Channel Key Parameter (v4.0.0)

Value	Effect
null	Auto mode - use server-configured key
"" (empty string)	Public mode - no channel isolation
"XXXX-XXXX-..."	Explicit key - use this specific key

Response

{
  "stego_image_base64": "iVBORw0KGgo...",
  "filename": "a1b2c3d4.png",
  "capacity_used_percent": 12.4,
  "embed_mode": "lsb",
  "output_format": "png",
  "color_mode": "color",
  "channel_mode": "private",
  "channel_fingerprint": "ABCD-••••-••••-••••-••••-••••-••••-3456"
}

---

POST /encode/file

Encode a file into an image (JSON with base64).
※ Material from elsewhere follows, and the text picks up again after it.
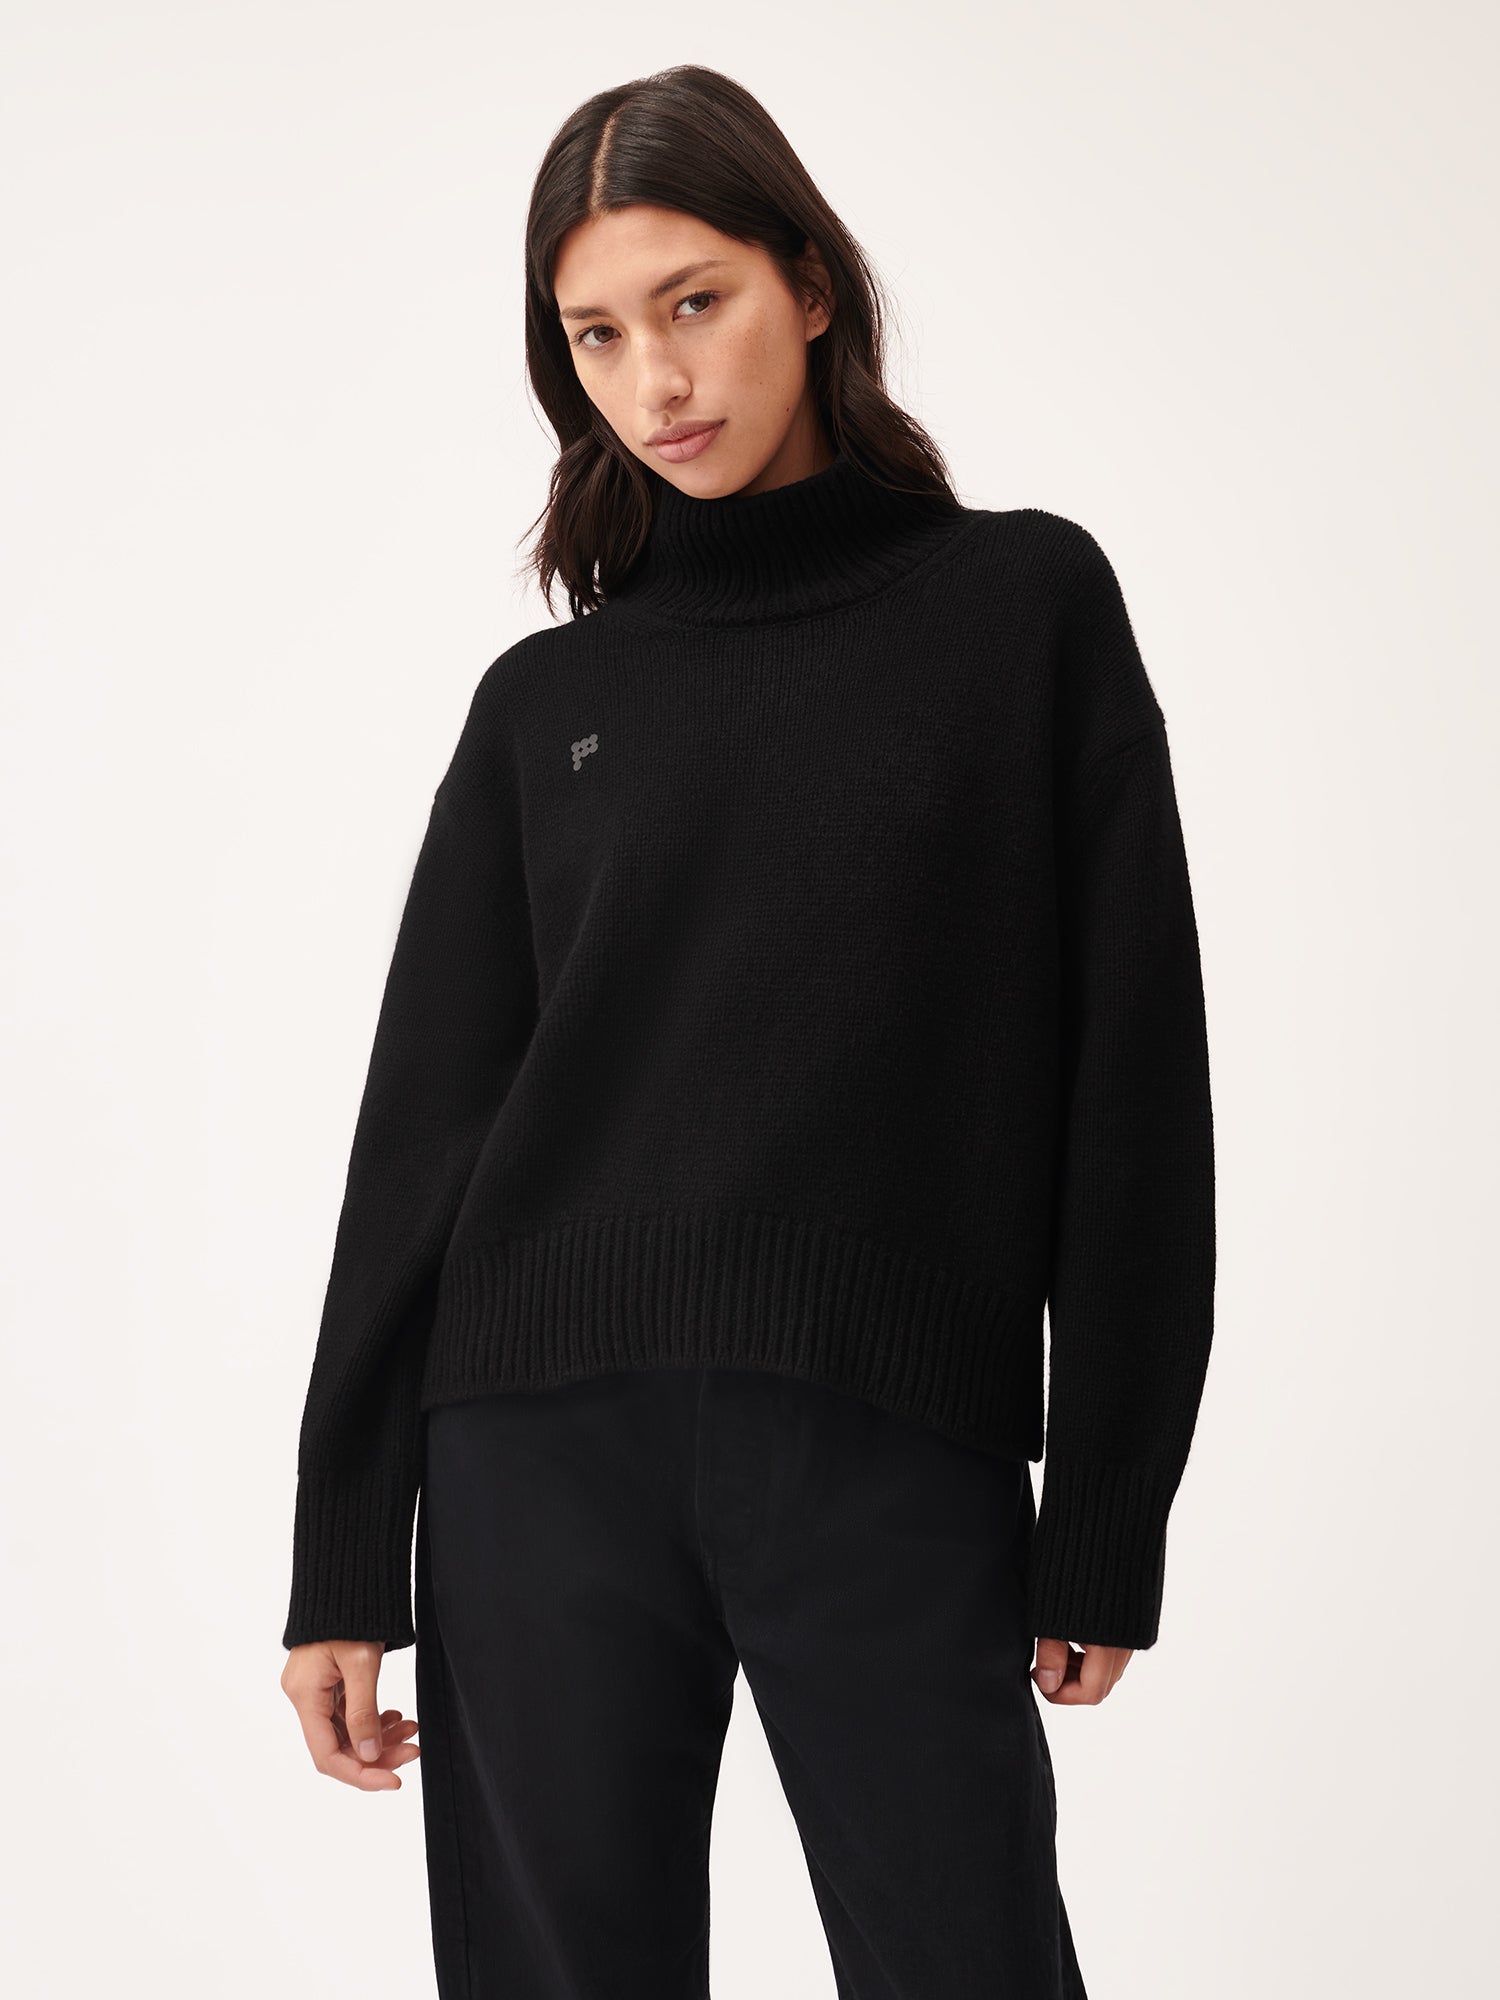 Women's Recycled Cashmere Turtleneck Sweater - Black - Pangaia

Same parameters as /encode, plus:

Field	Type	Required	Description
file_data_base64	string	✓	Base64-encoded file data
filename	string	✓	Original filename
mime_type	string		MIME type

---

POST /encode/multipart

Encode using multipart form data (file uploads).

Form Fields

Field	Type	Required	Description
passphrase	string	✓	Passphrase
reference_photo	file	✓	Reference photo
carrier	file	✓	Carrier image
message	string	*	Text message
payload_file	file	*	Binary file to embed
pin	string		Static PIN
rsa_key	file		RSA key (.pem)
rsa_key_qr	file		RSA key (QR code image)
rsa_password	string		RSA key password
channel_key	string		"auto" (default), "none"=public, or explicit key
embed_mode	string		"lsb" or "dct"
dct_output_format	string		"png" or "jpeg"
dct_color_mode	string		"grayscale" or "color"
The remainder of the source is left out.